● Task to complete
Transcribe each entry so that it matches the original exactly.

(Given records Opens)

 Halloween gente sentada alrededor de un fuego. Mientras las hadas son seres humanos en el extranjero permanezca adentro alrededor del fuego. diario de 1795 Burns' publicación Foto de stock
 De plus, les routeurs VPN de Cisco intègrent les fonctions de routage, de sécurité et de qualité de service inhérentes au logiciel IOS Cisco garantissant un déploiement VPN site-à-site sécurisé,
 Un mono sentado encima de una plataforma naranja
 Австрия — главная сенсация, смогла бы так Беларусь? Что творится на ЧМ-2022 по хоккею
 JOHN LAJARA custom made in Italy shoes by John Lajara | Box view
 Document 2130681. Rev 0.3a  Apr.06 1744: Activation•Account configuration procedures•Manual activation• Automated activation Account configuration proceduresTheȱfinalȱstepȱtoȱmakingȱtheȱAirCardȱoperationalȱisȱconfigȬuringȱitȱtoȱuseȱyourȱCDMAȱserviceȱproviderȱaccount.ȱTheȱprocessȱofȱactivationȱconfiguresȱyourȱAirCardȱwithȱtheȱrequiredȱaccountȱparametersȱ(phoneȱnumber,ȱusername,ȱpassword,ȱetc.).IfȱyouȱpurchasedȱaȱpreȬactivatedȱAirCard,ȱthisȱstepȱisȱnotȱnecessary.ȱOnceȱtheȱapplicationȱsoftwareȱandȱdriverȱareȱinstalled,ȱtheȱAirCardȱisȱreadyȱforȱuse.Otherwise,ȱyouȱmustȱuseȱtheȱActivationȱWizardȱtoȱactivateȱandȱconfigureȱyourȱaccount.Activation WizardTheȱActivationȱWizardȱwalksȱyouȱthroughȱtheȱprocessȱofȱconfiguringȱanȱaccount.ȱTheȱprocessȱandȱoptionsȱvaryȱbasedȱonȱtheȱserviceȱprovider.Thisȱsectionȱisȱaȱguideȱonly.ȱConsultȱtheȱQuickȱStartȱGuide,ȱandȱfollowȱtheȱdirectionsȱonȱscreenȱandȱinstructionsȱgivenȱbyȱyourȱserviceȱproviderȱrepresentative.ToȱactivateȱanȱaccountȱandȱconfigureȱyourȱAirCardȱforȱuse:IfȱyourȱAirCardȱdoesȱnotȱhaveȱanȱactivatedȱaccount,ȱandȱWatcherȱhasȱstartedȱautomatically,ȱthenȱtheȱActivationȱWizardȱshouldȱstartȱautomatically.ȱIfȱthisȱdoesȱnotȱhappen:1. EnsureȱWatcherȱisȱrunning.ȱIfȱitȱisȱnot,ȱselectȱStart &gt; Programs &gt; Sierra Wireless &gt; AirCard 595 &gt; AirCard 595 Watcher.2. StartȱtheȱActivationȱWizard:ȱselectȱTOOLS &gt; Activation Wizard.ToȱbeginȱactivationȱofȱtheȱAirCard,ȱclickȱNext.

(Given records Closes)

● Response to this task
 Halloween gente sentada alrededor de un fuego. Mientras las hadas son seres humanos en el extranjero permanezca adentro alrededor del fuego. diario de 1795 Burns' publicación Foto de stock
 De plus, les routeurs VPN de Cisco intègrent les fonctions de routage, de sécurité et de qualité de service inhérentes au logiciel IOS Cisco garantissant un déploiement VPN site-à-site sécurisé,
 Un mono sentado encima de una plataforma naranja
 Австрия — главная сенсация, смогла бы так Беларусь? Что творится на ЧМ-2022 по хоккею
 JOHN LAJARA custom made in Italy shoes by John Lajara | Box view
 Document 2130681. Rev 0.3a  Apr.06 1744: Activation•Account configuration procedures•Manual activation• Automated activation Account configuration proceduresTheȱfinalȱstepȱtoȱmakingȱtheȱAirCardȱoperationalȱisȱconfigȬuringȱitȱtoȱuseȱyourȱCDMAȱserviceȱproviderȱaccount.ȱTheȱprocessȱofȱactivationȱconfiguresȱyourȱAirCardȱwithȱtheȱrequiredȱaccountȱparametersȱ(phoneȱnumber,ȱusername,ȱpassword,ȱetc.).IfȱyouȱpurchasedȱaȱpreȬactivatedȱAirCard,ȱthisȱstepȱisȱnotȱnecessary.ȱOnceȱtheȱapplicationȱsoftwareȱandȱdriverȱareȱinstalled,ȱtheȱAirCardȱisȱreadyȱforȱuse.Otherwise,ȱyouȱmustȱuseȱtheȱActivationȱWizardȱtoȱactivateȱandȱconfigureȱyourȱaccount.Activation WizardTheȱActivationȱWizardȱwalksȱyouȱthroughȱtheȱprocessȱofȱconfiguringȱanȱaccount.ȱTheȱprocessȱandȱoptionsȱvaryȱbasedȱonȱtheȱserviceȱprovider.Thisȱsectionȱisȱaȱguideȱonly.ȱConsultȱtheȱQuickȱStartȱGuide,ȱandȱfollowȱtheȱdirectionsȱonȱscreenȱandȱinstructionsȱgivenȱbyȱyourȱserviceȱproviderȱrepresentative.ToȱactivateȱanȱaccountȱandȱconfigureȱyourȱAirCardȱforȱuse:IfȱyourȱAirCardȱdoesȱnotȱhaveȱanȱactivatedȱaccount,ȱandȱWatcherȱhasȱstartedȱautomatically,ȱthenȱtheȱActivationȱWizardȱshouldȱstartȱautomatically.ȱIfȱthisȱdoesȱnotȱhappen:1. EnsureȱWatcherȱisȱrunning.ȱIfȱitȱisȱnot,ȱselectȱStart &gt; Programs &gt; Sierra Wireless &gt; AirCard 595 &gt; AirCard 595 Watcher.2. StartȱtheȱActivationȱWizard:ȱselectȱTOOLS &gt; Activation Wizard.ToȱbeginȱactivationȱofȱtheȱAirCard,ȱclickȱNext.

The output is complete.